Stone, le monde est stone

- Tu me promets de ne pas boire, hein ?

- Mais non, c'est bon, je suis pas stupide non plus...

- Sûr sûr, hein ?

- Mais oui, sûr sûr....

Je n'ai pas dû beaucoup insister pour obtenir les clés. De toute façon, à mon âge, je ne risque plus grand chose. Pas de menace de fessées, je demande plus par politesse qu'autre chose. Elle m'aurait dit non, je me serais quand même servi en faisant croire que je partais à pied. Je veux les clés, je les prends. Point barre.

Même si ma promesse n'était qu'une demi vérité.

Non, je ne boirais pas une goutte d'alcool, promis, juré, craché. Pour le reste par contre, je n'ai rien promis. Et ça tombe bien. Ce soir j'ai l'intention de tirer sur mon premier joint.

Dix huit ans, c'est un peu tard, j'en conviens. Mais jusque là, je n'ai pas voulu suivre la mode. Je trouvais ça con de reproduire le même schéma que les autres, de prendre la posture du rebelle en suivant le groupe des yeux rouges. Et puis ceux que je voyais fumer terminaient irrémédiablement seuls, l'air passablement embrumés, allant se coucher avant les autres, incapables d'articuler deux mots, tombant de sommeil comme des vieux papys fatigués.

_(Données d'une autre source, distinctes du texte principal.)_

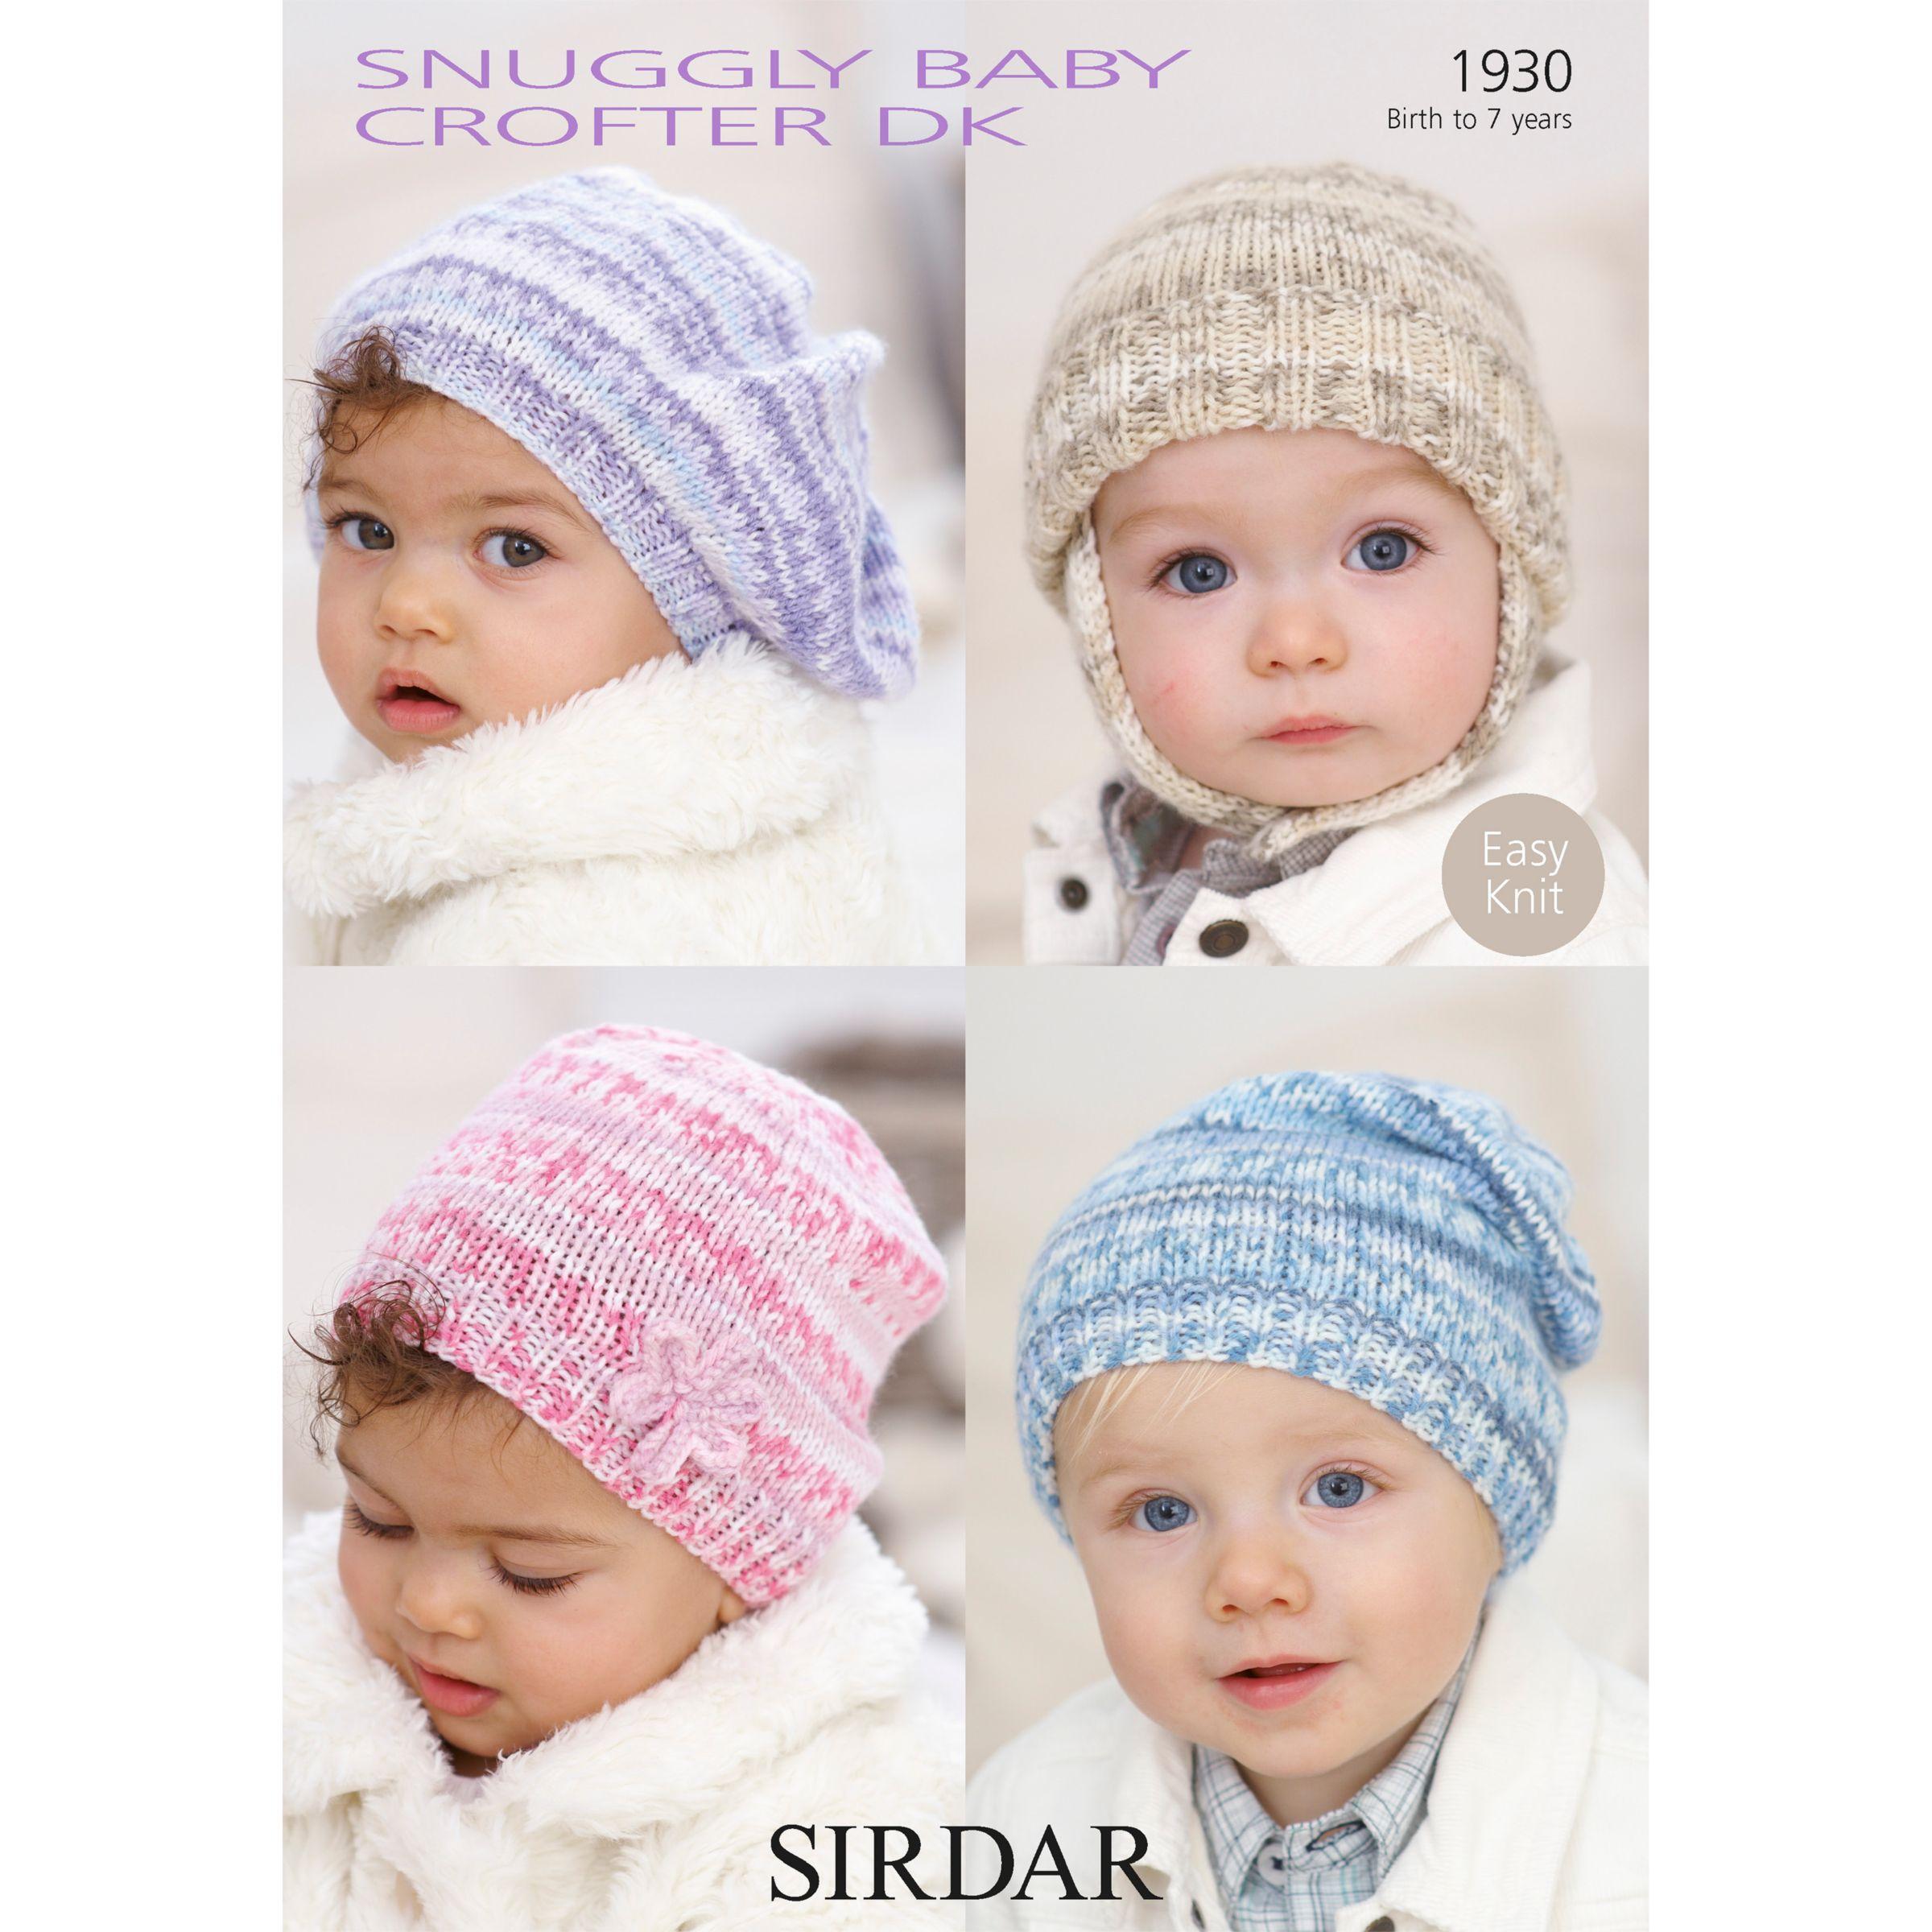 Buy Sirdar Snuggly Baby Hats Knitting Pattern, 1930 John Lewis

Si la mode, c'était de ressembler à des centenaires de quinze ans, je m'en passais sans problème. Merci

Alors pourquoi ce soir spécialement ?

Il y a toujours plein de bonnes raisons dont on ne se souvient plus par la suite. Peut être simplement que j'étais prêt. Que je n'étais pas si loin, à peine deux kilomètres pour rentrer, et que j'avais de très bons guides à mes côtés. Notamment un ami, spécialiste en drogues douces, véritable expert en expédition mentale. Je me sentais en sécurité. Je ne me méfiais plus des joints. Et puis enfin, il faut bien essayer une fois pour se faire un avis.

Pendant que tout le monde roulait, j'allumais ma clope, attendant patiemment que les premiers collages se terminent.

En fond musical, les Floyds  nous jouaient la dépression en multipiste. Discussions classiques de mecs qui roulent

- T'entends le bruit du clocher derrière ? Ecoute... il y a même une voix d'enfant en surimpression...

- D't'façon, j'fait mon BTS,  voilà, après je leur dit c'est bon, quoi,  salut...

- La première fois, on était trois. T'sais c'est tout petit en fait. T'ouvres, tu lêches et t'attend un peu que les premiers effets montent...

- On veut s'installer là bas parce qu'ici franchement, c'est l'enfer. alors que là bas, c'est pas du tout la même logique...

Les premiers pèts passent de mains en mains. J'observe connement pour comprendre les coutumes. Comment il faut aspirer, combien de temps il faut le conserver, à partir de combien de tafs, ça devient impoli de le garder. Il y a plein de choses à savoir quand on veut s'initier. Mon guide me tend son premier joint. Petit sourire en coin.

- Alors... prêt ?

- Ch'ais pas... On verra...

Je tire dessus. Allez, mon gars, en route pour la joie. Mais d'abord une démangeaison au fond de la gorge comme si le tabac était coupé au poils. Je tousse un peu, l'impression de louper mon entrée. Il faut me ressaisir. Je tire en me tenant droit, histoire d'avoir l'air important. Je contrôle mieux la situation. Une dernière latte et je passe au voisin. Partageons, partageons, moi c'est juste pour l'expérience.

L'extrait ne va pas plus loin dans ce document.